MATLAB's function robustfit()
enables to fit a polynomial to data whose residuals are not normally distributed, which is the implicit assumption of least squares (LSQ) methods. Non-normal residuals result, for example, from outliers in empirical data or noise which is not normally distributed. The function utilizes the Iteratively Reweighted Least Squares (IRLS) approach with data-adaptive weights.
The downside is that robustfit()
does not support non-linear least squares problems which often arise if the mathematical model is non-linear in its parameters. The function lsqcurvefit()
and lsqnonlin()
provide means to solve non-linear LSQ with optional parameter bounds (due to the trust-region-reflective algorithm) but don't support weighted LSQ for robust estimation in the presence of outliers.

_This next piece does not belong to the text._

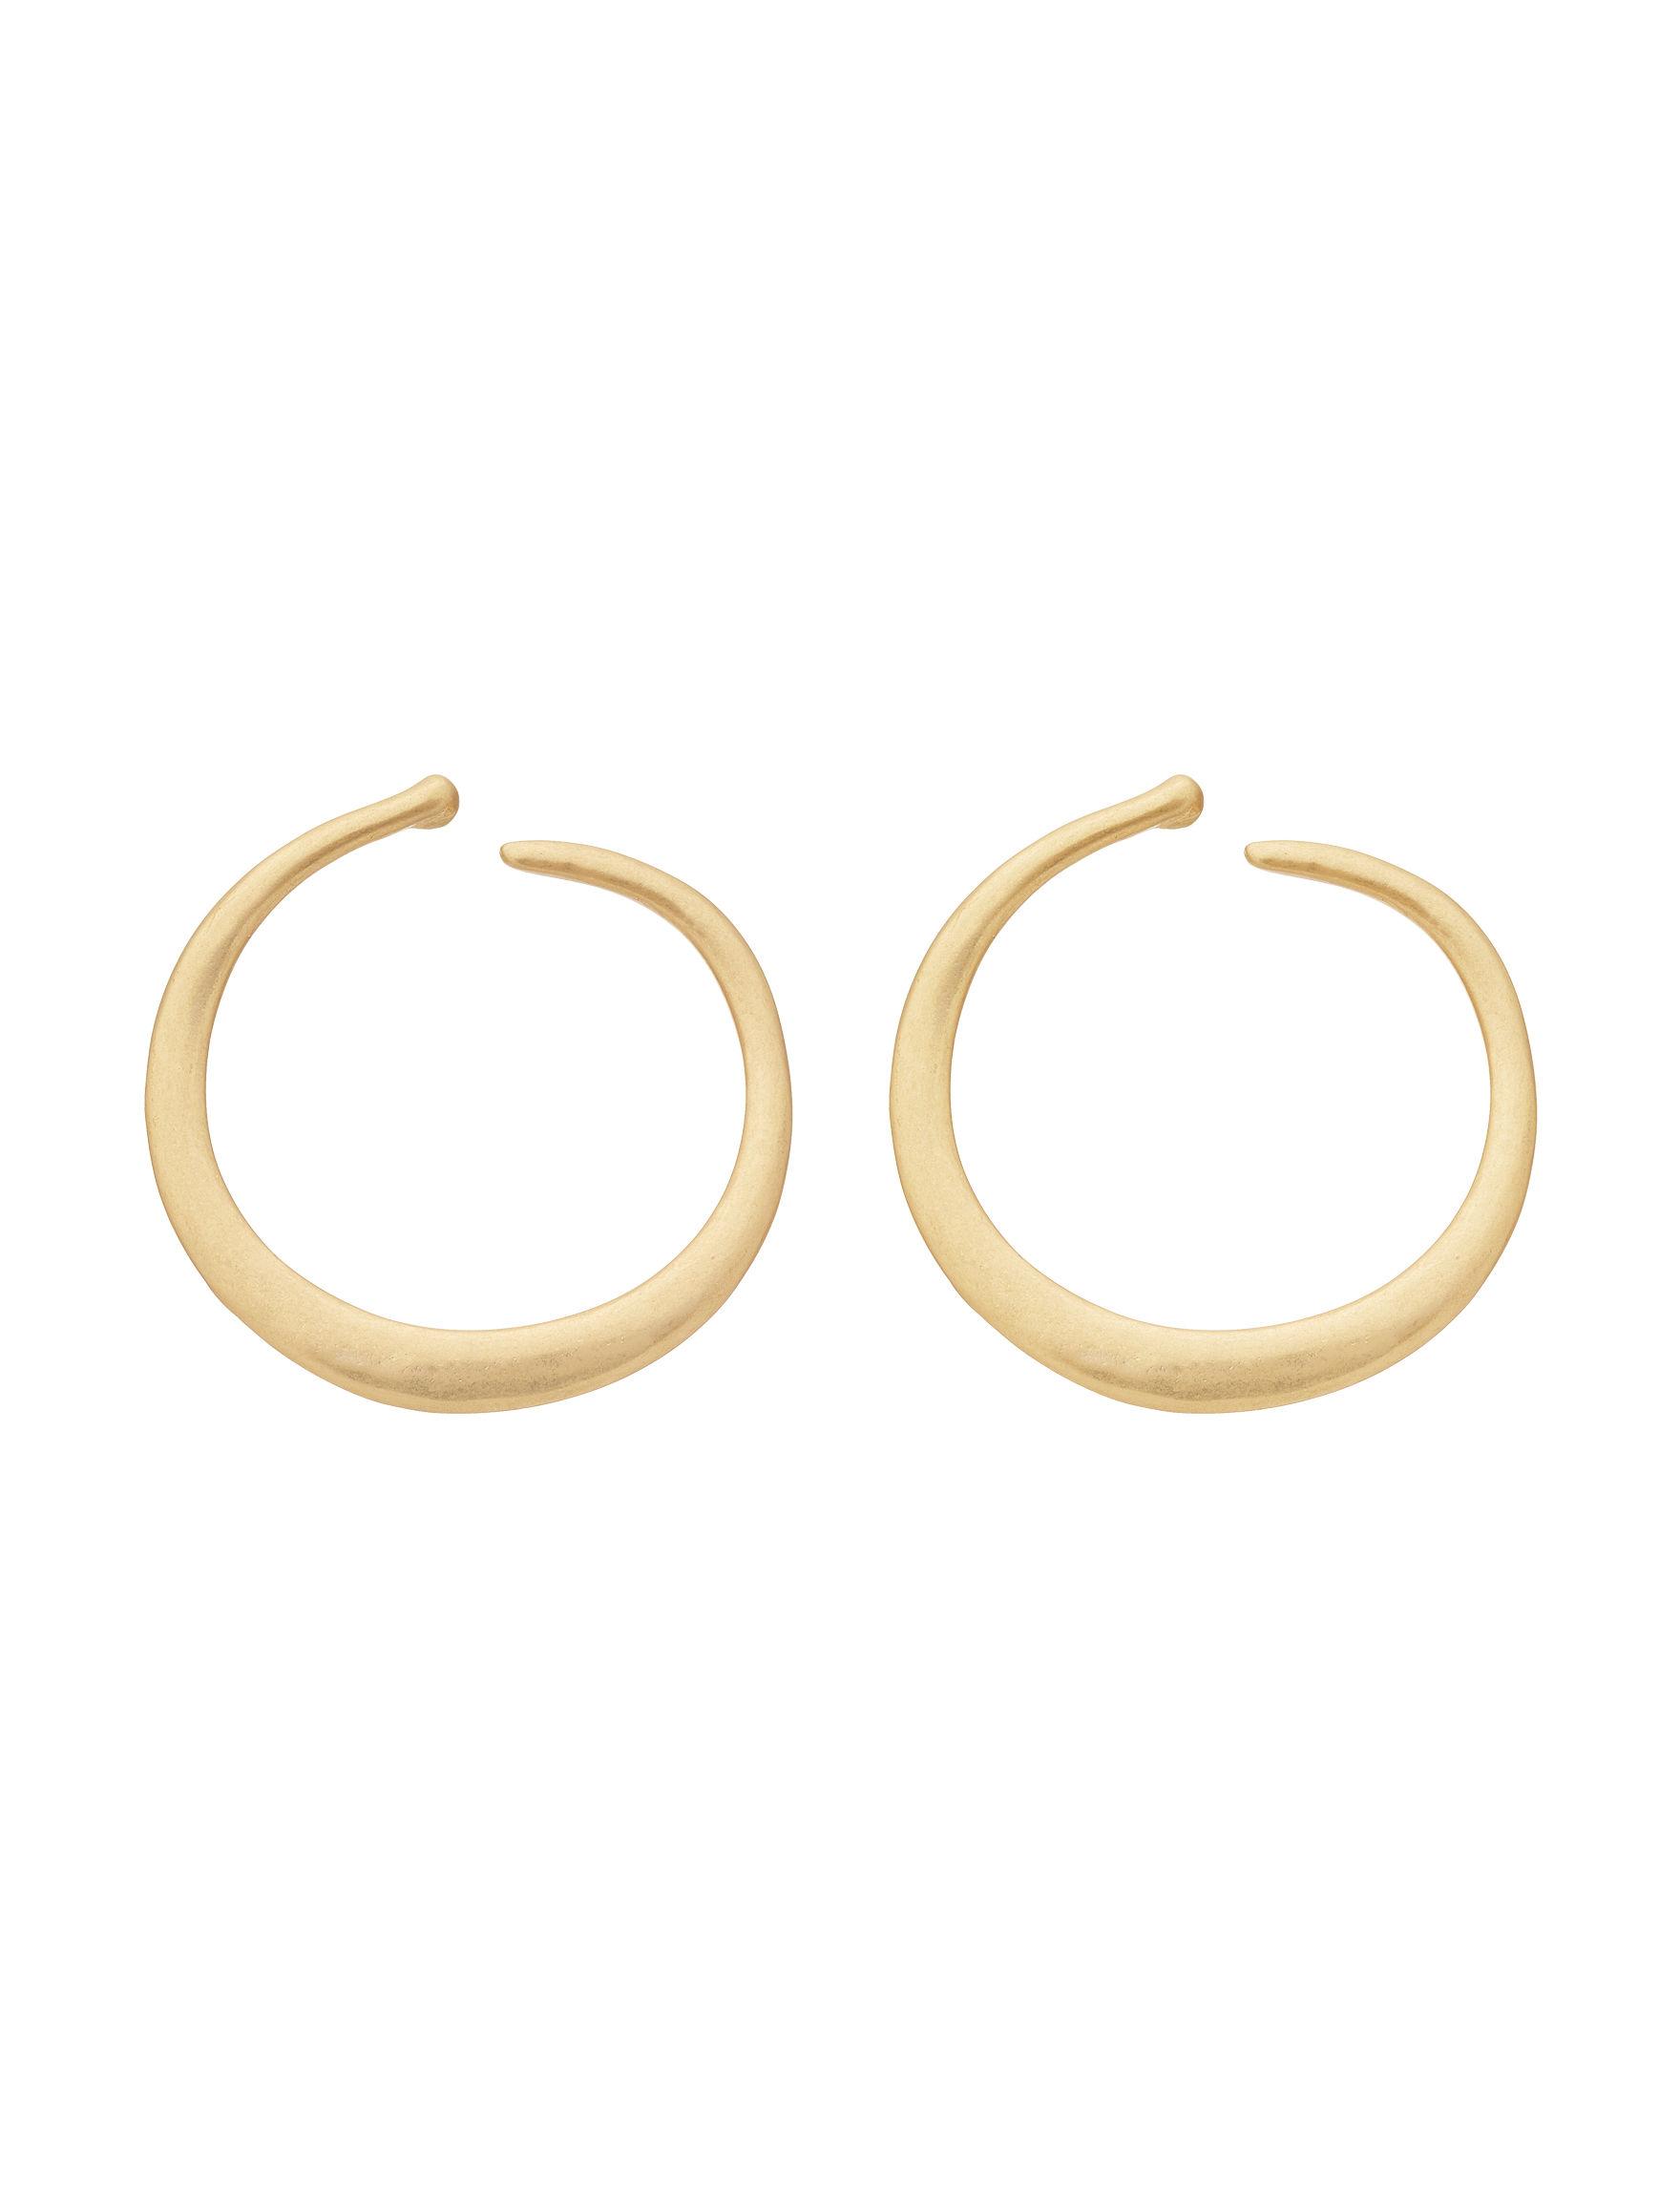 Bella Uno Gold Hoops Earrings Fashion Jewelry

This MATLAB function is intended to give the best of both worlds, i.e. combine methods of robustfit()
and lsqnonlin()
to accomplish robust non-linear least squares calculations.
This function is tested in MATLAB R2016b but should scale to any modern MATLAB release.

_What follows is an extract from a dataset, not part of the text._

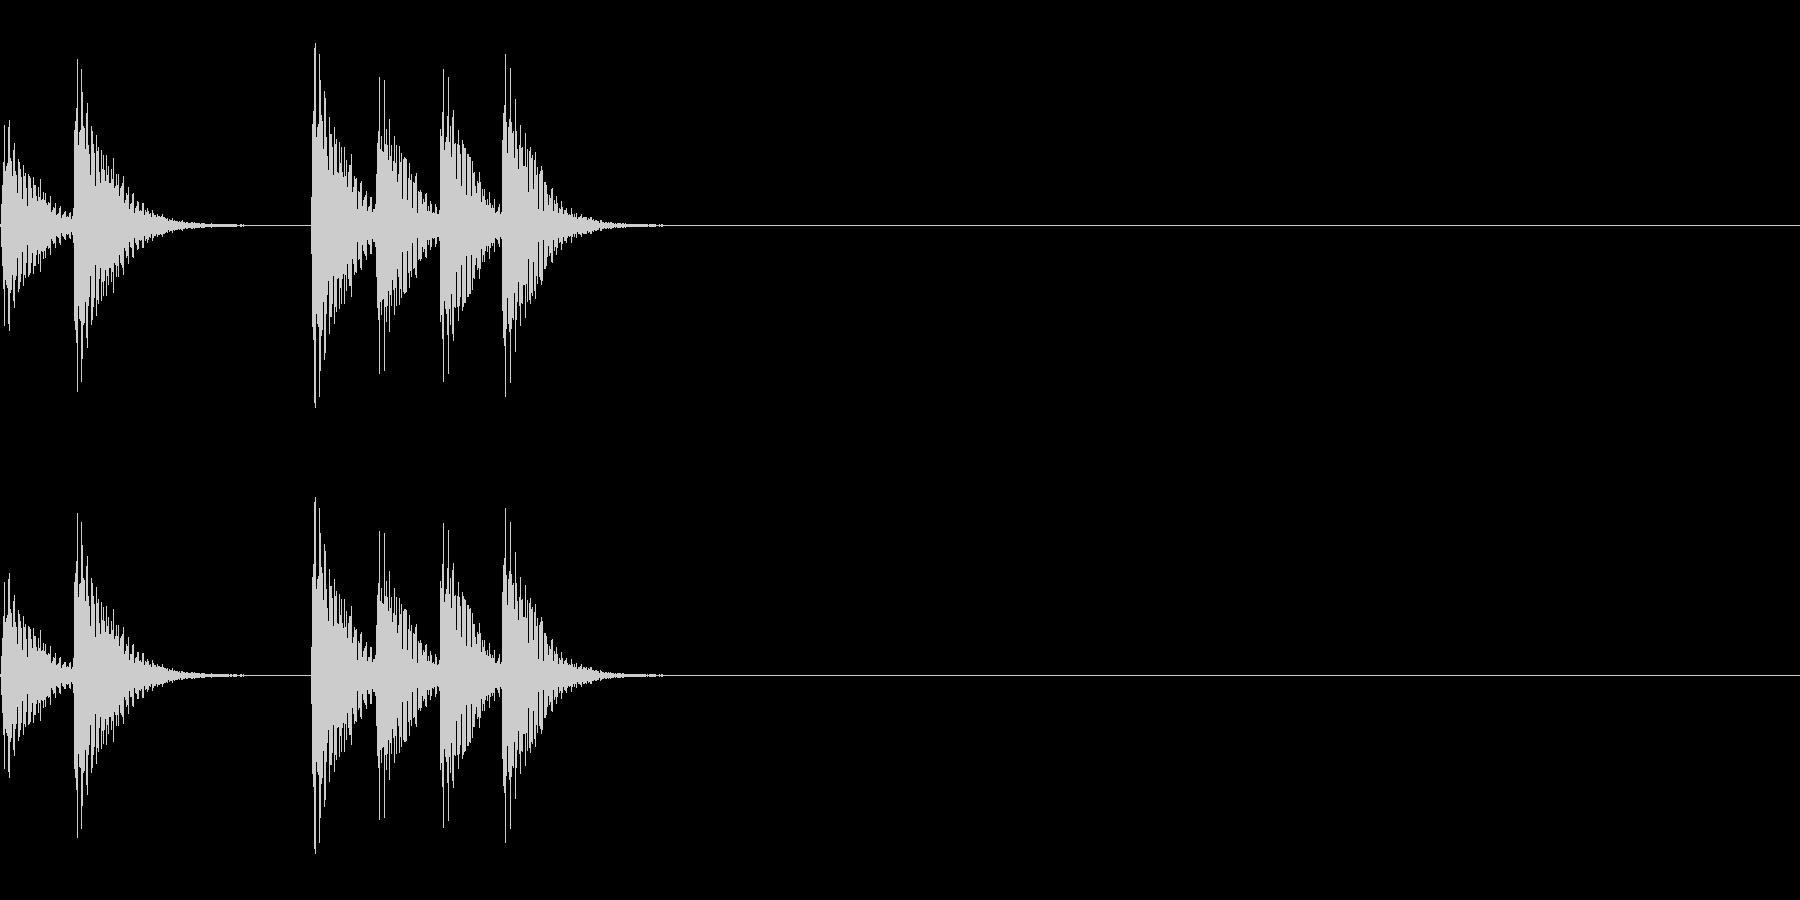 アニメ用~少し急かしているノック音~の未再生の波形

The function depends on the following toolboxes:
- Statistics and Machine Learning Toolbox
- Optimization Toolbox
Consider the following problem. We want to fit a function to data which stems from a square-root function with a scale and location parameter. The data is noisy and exhibits strong outliers. Let's see how ordinary and robust non-linear least squares perform in this situation. The example is taken from the provided demo file.

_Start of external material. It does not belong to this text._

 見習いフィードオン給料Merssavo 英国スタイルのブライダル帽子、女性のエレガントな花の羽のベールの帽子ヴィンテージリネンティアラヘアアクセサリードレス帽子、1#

% the model's true parameters
trueParams = [50, -0.7];
% create some noisy data using a square root function with 2 parameters and nasty noise
x = linspace(0, 20, 100);
modelFun = @(param, x) param(1)*sqrt(max(0, x + param(2)));
noise = 10*sin(x).^2 .* randn(size(x));
y = modelFun(trueParams, x) + noise;
% introduce outliers
y(11) = -300;
y(end) = 2000;
%%%% Fit the model %%%%
% make sure the parameters are within the following range
lb = [1, -inf];
ub = [inf, 10];
% initial guess
x0 = [1, -1];
% don't show infos from lsqcurvefit()
options = optimset(@lsqcurvefit);
options.Display = 'off';
% estimate parameters using ordinary and robust LSQ
estParamsOrdinary = lsqcurvefit(modelFun, x0, x, y, lb, ub, options);
estParamsRobust = robustlsqcurvefit(modelFun, x0, x, y, lb, ub, [], options);
figure;
hold on;
scatter(x, y, 'filled');
plot(x, modelFun(trueParams, x), 'k--', 'linewidth', 2);
plot(x, modelFun(estParamsOrdinary, x), 'linewidth', 2');
plot(x, modelFun(estParamsRobust, x), 'linewidth', 2);
hold off;
grid on;
legend(...
{'Noisy Data', 'True Regression', 'Ordinary non-lin LSQ', 'Robust non-lin LSQ'}, ...
'fontsize', 12 ...
);
The code is licensed under BSD 3-Clause license.